Telemarketer: Um, I will have to refer you to customer service to answer that. Do you have the customer service phone number?

Me: Well, not in front of me...

Telemarketer: Well, all we're asking is that you commit to continuing your Dish Network service for 24 more months and we will activate your free HBO and Starz tonight.

Me: Wait a minute! Commit in what sense?

Telemarketer: Well, we're just asking you to commit to continuing your Dish Network service for 24 more months.

Me: Yes, I heard that part. So is this a binding verbal contract you're asking me to make right now?

Telemarketer: We're just asking you to commit for 24 more months.

(Sigh.)

Me: What would be the penalty if I cancelled my service before 24 months?

Telemarketer: Well, then you'd have to pay $10 a month for the remainder of the contract.

Me: So this is a contract and you would bill me after I removed my service as a penalty for breaking this verbal contract?

Telemarketer: Well...

Telemarketer: We just want to offer you three free months of HBO and Starz, so can I go ahead and sign you up for that?

Me: I just told you that there is no way I would commit to 24 months of Dish Network service if Dish Network isn't willing to commit to providing me with HD local channels. Why would I commit now, especially since you haven't been able to answer my question about that?

Telemarketer: ...

Me: Should I be calling customer service about this? Who can I talk to who would be able to answer my question?

Telemarketer: Yes, um, well that would probably be customer service.

Me: Okay, I'll call them. What's the number? Thank you.

Customer service department's phone: Ring, ring.

Customer service robot: Please state what you want to talk about...you can just say anything!

Me to robot: I received a puzzling telemarketing offer from Dish Network, about which I am seeking clarification from a real person.
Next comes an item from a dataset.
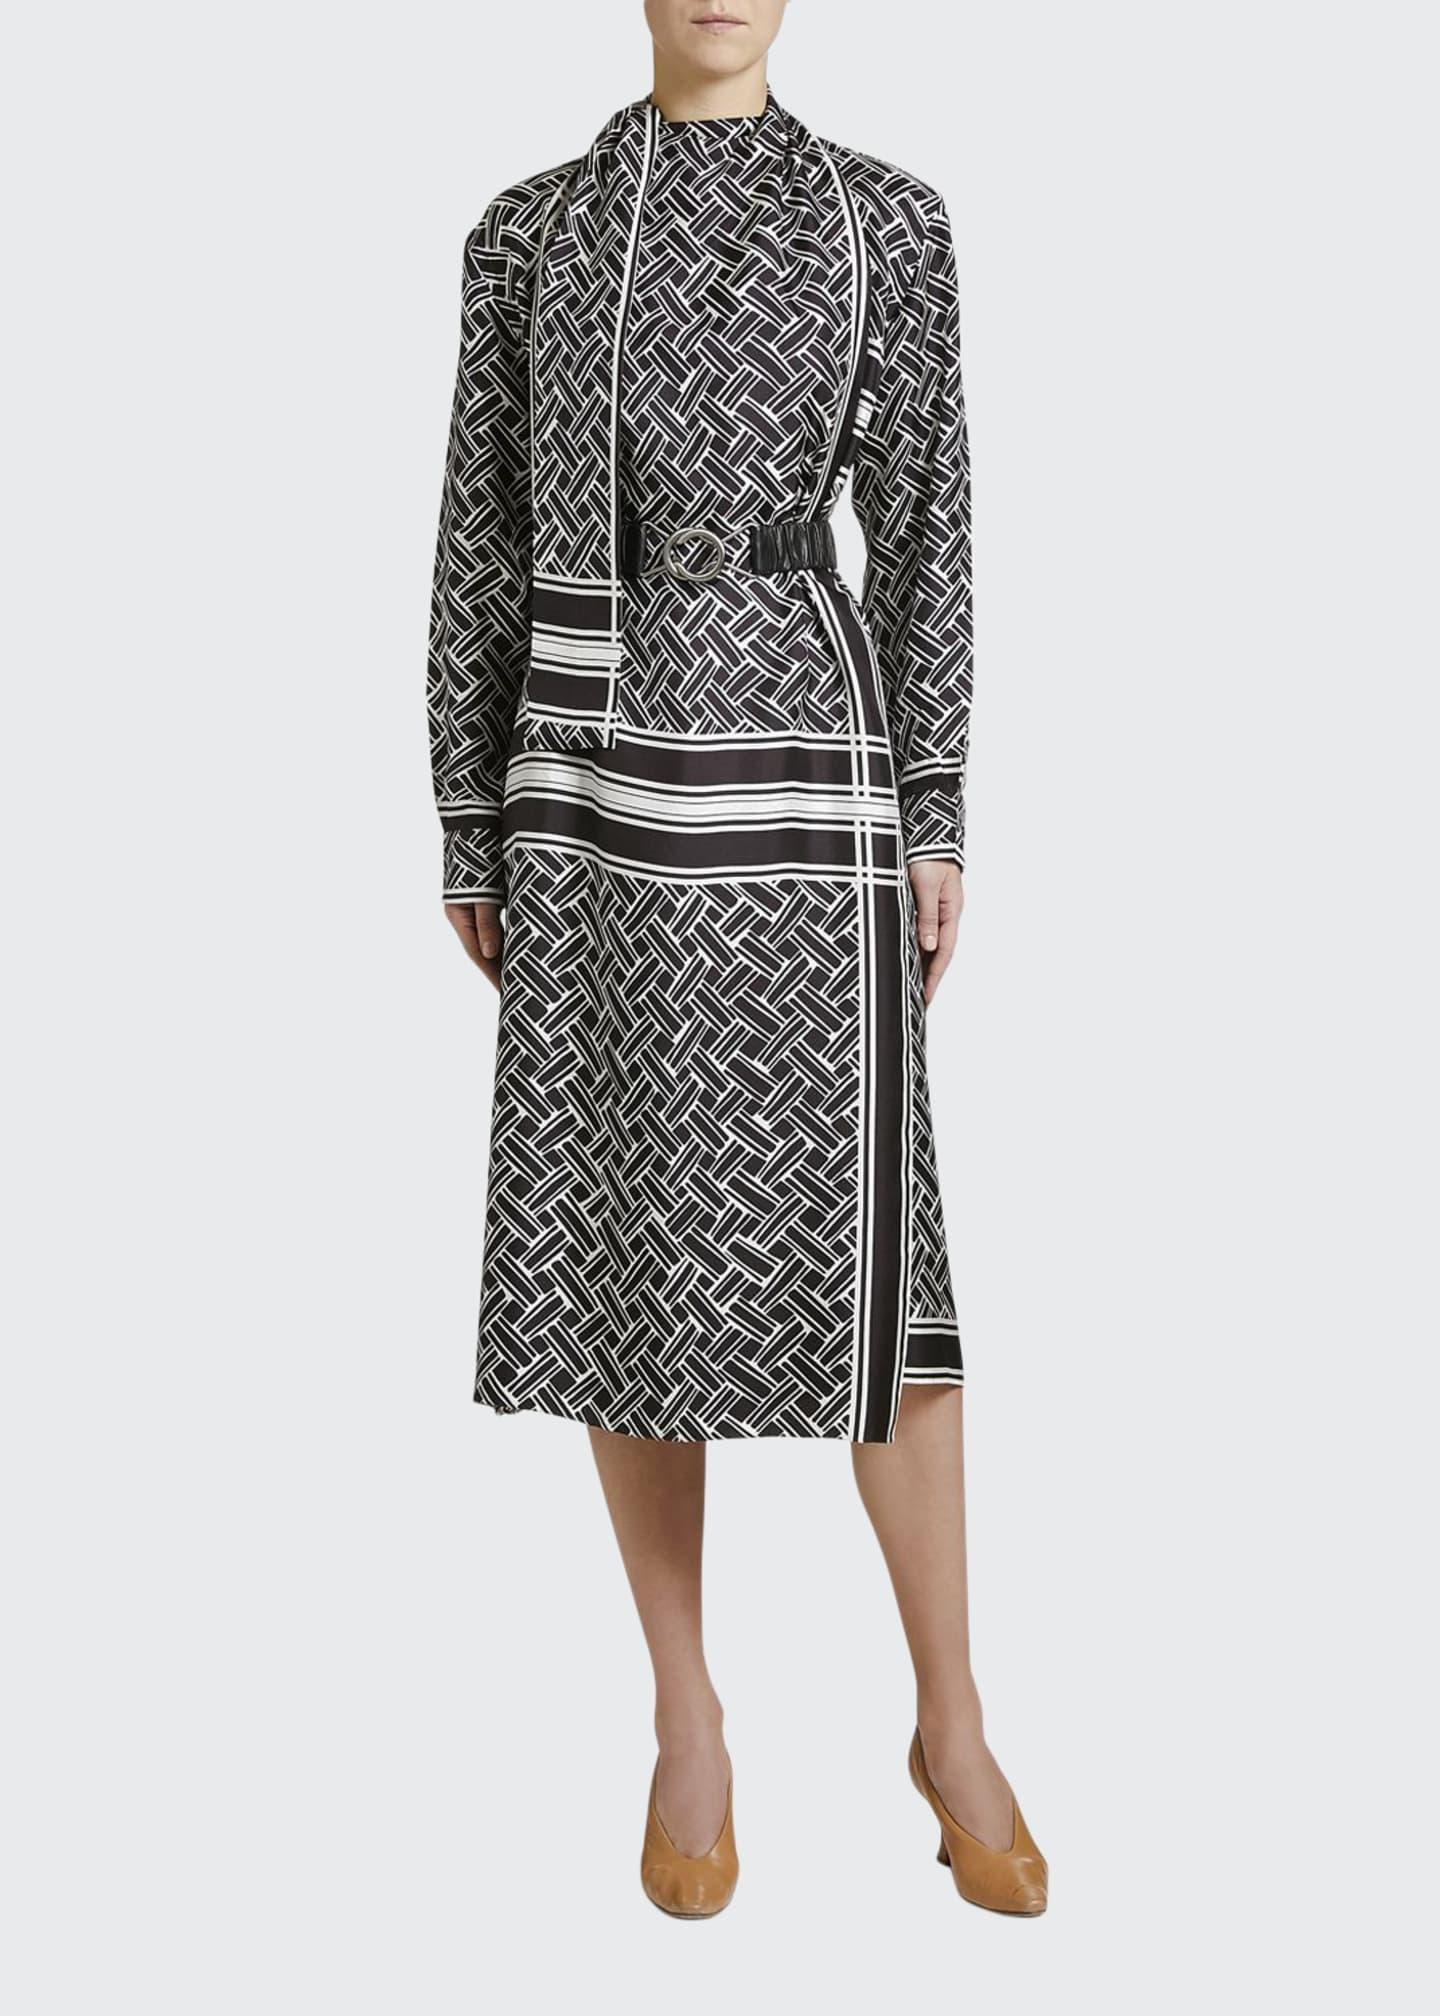 Bottega Veneta Twill Graphic Print Wrap Dress

(I'm sure that's on the menu.)

Customer service robot: I'm sorry; let me try to understand your issue. Say "billing," "programming," etc.
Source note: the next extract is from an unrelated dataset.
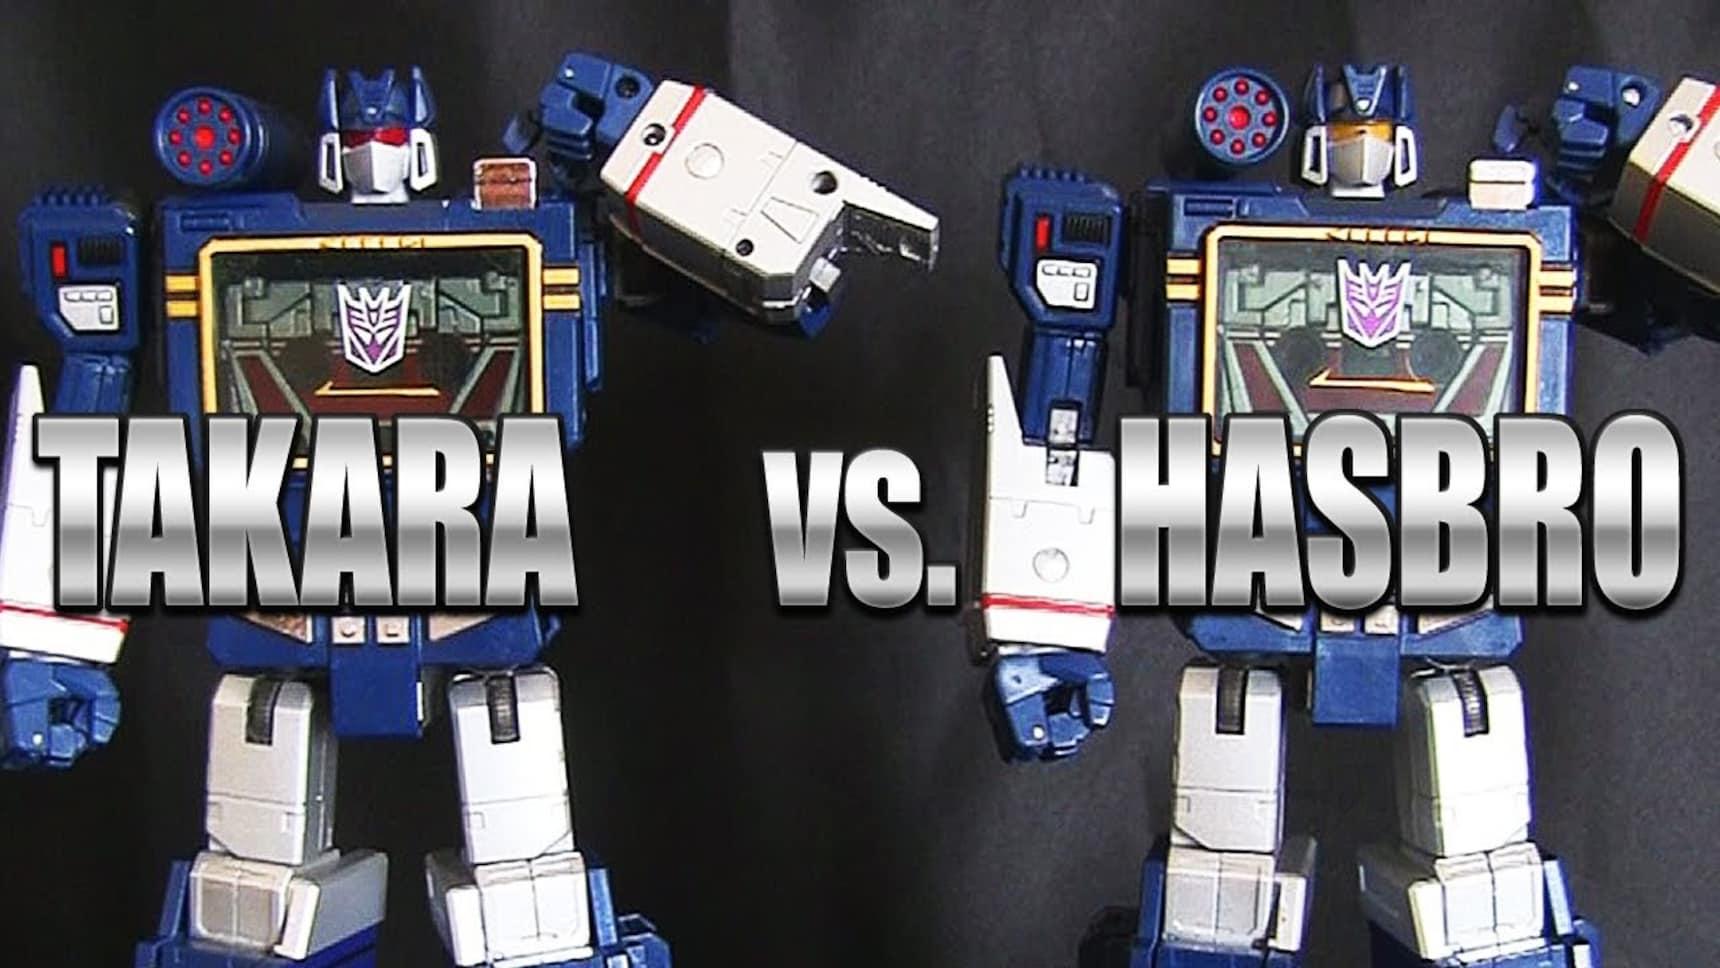 Top 10 Reasons to Buy Takara Tomy Transformers

Me: Sigh. Programming, I guess...

So I get a very nice man in India who wants to know all my customer information. I provide everything, at which point he informs me I am not a customer and asks me what my relationship is with the account holder.

Me: If the account holder is Benjamin, then my relationship is SPOUSE.

Nice but Unhelpful Guy in India: Yes, that's the account holder. Let me see if you are also listed on the account. (typing sound) No, you're not. Therefore, I cannot answer any questions about your account.

Me: Excuse me, what?

Nice but Unhelpful Guy in India: I'm really sorry, but you're not authorized to make any changes on this account.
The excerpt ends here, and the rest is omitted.